Okay lets clarify one thing, I am not saying 4E is inferior, or that it is bad. I am saying I don't personally like it, it isn't my cup of tea, and I think part of it is because I find many of the mechanics on the dissociative side (though that is far from the only reason). That is all I am saying. I am not at all trying to suggest because I find a lot of its mechanics dissociative that it isn't well designed or isn't perfectly fine game. From a design standpoint, I think it is solid. It seems to meet the goals the designers had in mind, and I think for me it would even work for the right campaign setting (which is why I mentioned that I borrowed some elements when I ran my d20 Wuxia campaign).
 

Like Tony Vargas, I don't. But, the point remains that all the criteria for dissociative mechanics equally applies to Power Attack.

Okay. I get that. We simply disagree on this point about power attack. I saw the same list that you did when tony (if it was another poster i apologize) explained why he thought power attack was dissociative. I wasn't convinced by that list and the things it mentioned have never come up for me or been a problem during play. So I just can't agree that I see the mechanic as being all that dissociative. Certainly I imagine some people might find it so (because what you find dissociative often comes down to how you describe and resolve actions, and there is a lot of variety in the hobby). But I just don't think the bulk of players would find it to be so.

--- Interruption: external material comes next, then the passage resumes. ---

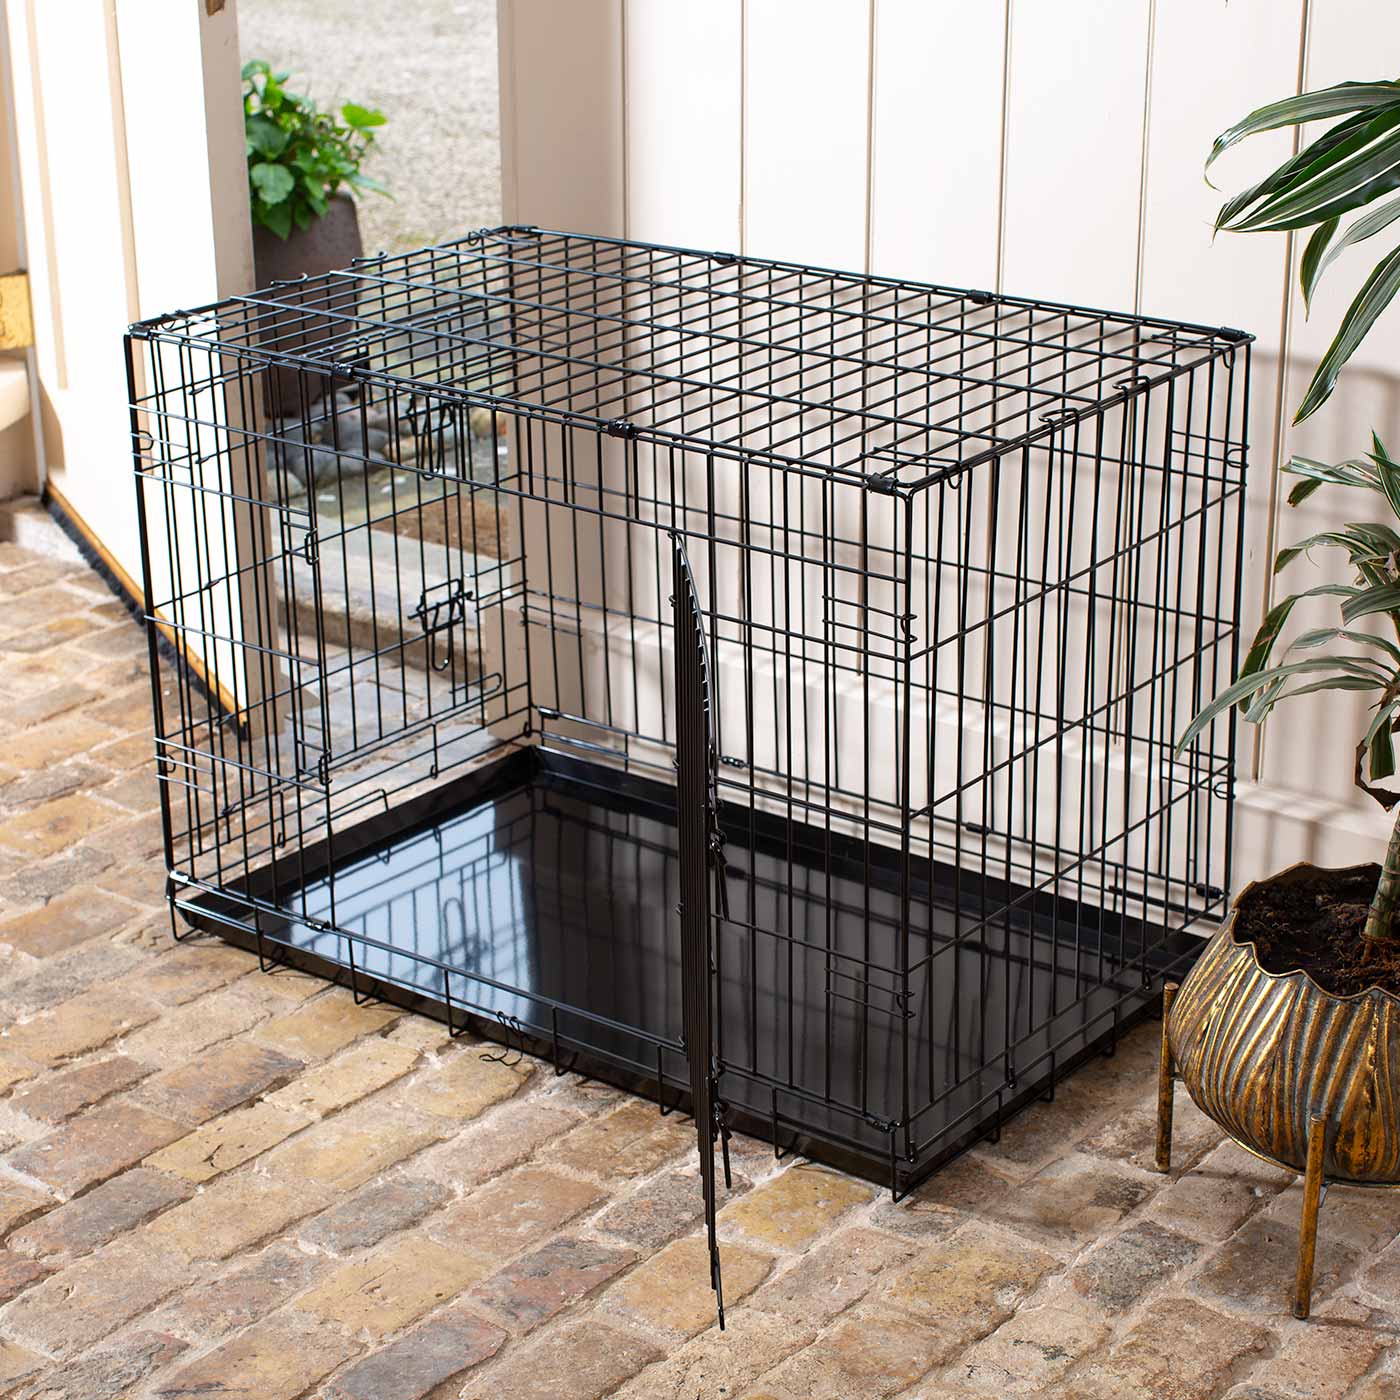 Discover the perfect deluxe heavy duty Black dog cage, featuring two doors for easy access and a removable tray for easy cleaning! The ideal choice to keep new puppies safe, made using pet safe galvanised steel! Available now in 5 sizes and three stunning colors at Lords & Labradors US

But like I said before, I am not particularly concerned about debating each mechanic point by point or proving that one edition or another is objectively more dissociative. That isn't why I find the concept useful these days. Now I find it helps me design, as one standard among many, for weeding out potential issues in mechanics.
 


It's inconsistent because you claim not to like something for a reason, while at the same time, have no problems with other elements which exhibit exactly the same reasons. I have zero problem with you not liking 4e. I do have a problem with the idea that you don't like 4e because the system is somehow flawed with identical flaws that appear in systems that you apparently do like.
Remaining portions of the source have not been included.